Coron, Palawan’s Pristine Dark Skies

Here are some night-sky images taken during our recent visit to Coron, Palawan, one of the country’s top tourist destination, known for its pristine beaches and crystal clear waters.

Coron_Palawan_MilkyWay_Westown
Image of the Milky Way taken in Coron, Palawan, at around 4 am on March 8, 2014 using a Canon 600D and an 18-55 mm kit lens, set at 18 mm, f/3.5, ISO 3200. The camera was mounted on a tripod and was pointed approximately 45 degrees above the southern horizon, at 30 seconds exposure.

Here is another photo taken at the viewing deck atop Mt. Tapyas, a hill situated at the center of Coron’s town proper. It was a long climb taking all 742 steps, but once we have reached the top, it was all worth the effort because we were greeted with one of the best views of the Milky Way we have seen to date.

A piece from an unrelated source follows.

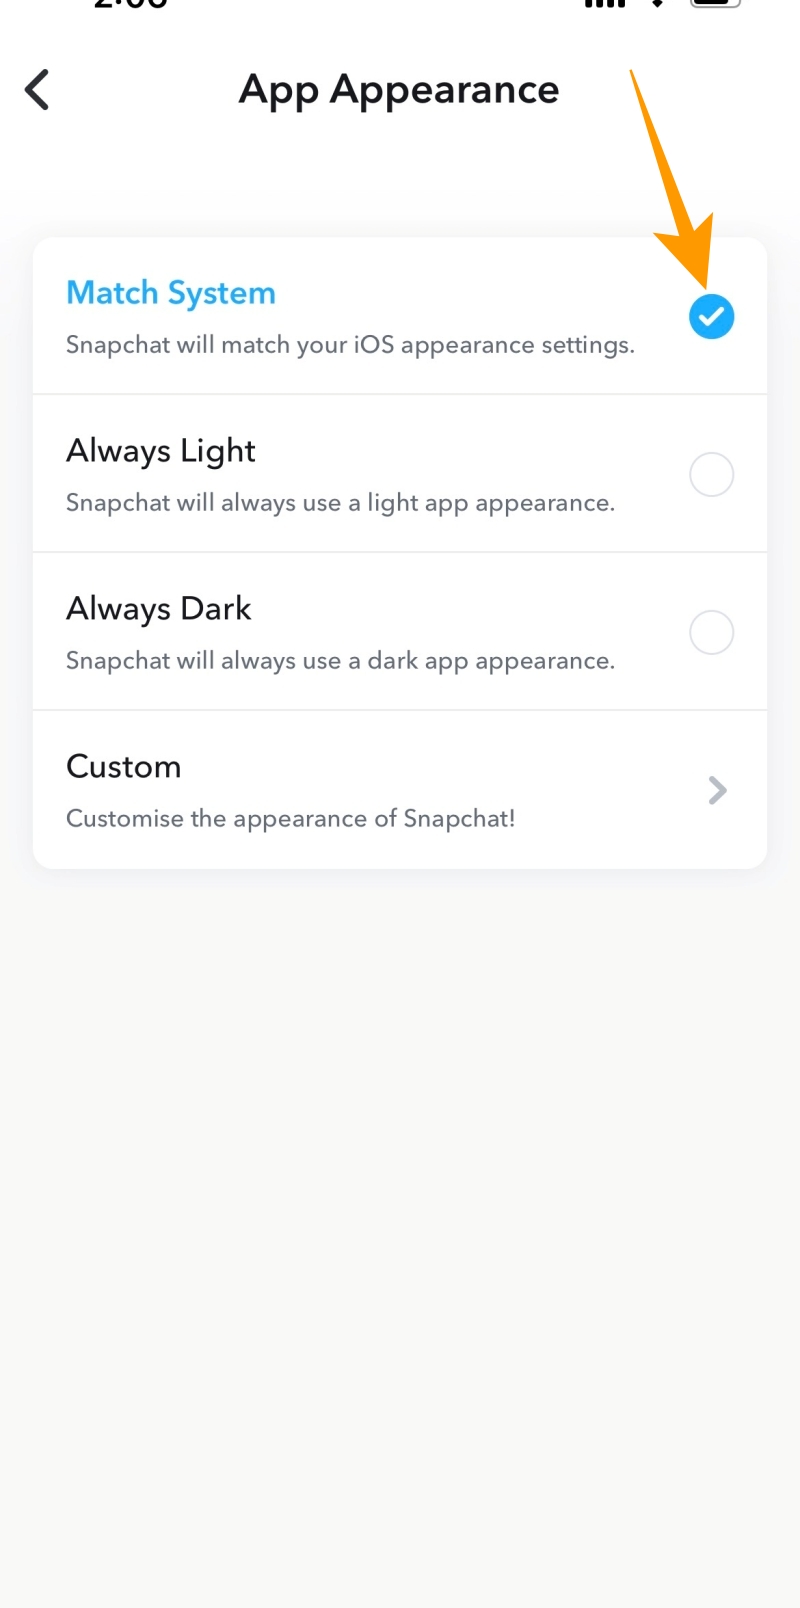 App appearance options on iOS

Coron_Palawan_MilkyWay_MountTapyas
Milky Way taken at Mt. Tapyas, in Coron, Palawan, at around 4 am on March 9, 2014 using a Canon 600D and an 18-55 mm kit lens, set at 18 mm, f/3.5, ISO 1600. The camera was mounted on a tripod and was pointed approximately 45 degrees above the southern horizon, and was exposed for 30 seconds.

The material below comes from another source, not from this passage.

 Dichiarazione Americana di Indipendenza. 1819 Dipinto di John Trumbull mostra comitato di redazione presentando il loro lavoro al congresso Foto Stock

Aside from the sea and the sand, Coron also offers pristine dark skies that will definitely impress anyone who loves to gaze at the stars above. To learn how to take photos like these using a DSLR, click here.

For tutorials on how to get started with astrophotography, click here.

For DIY astronomy projects useful for astrophotography, click here.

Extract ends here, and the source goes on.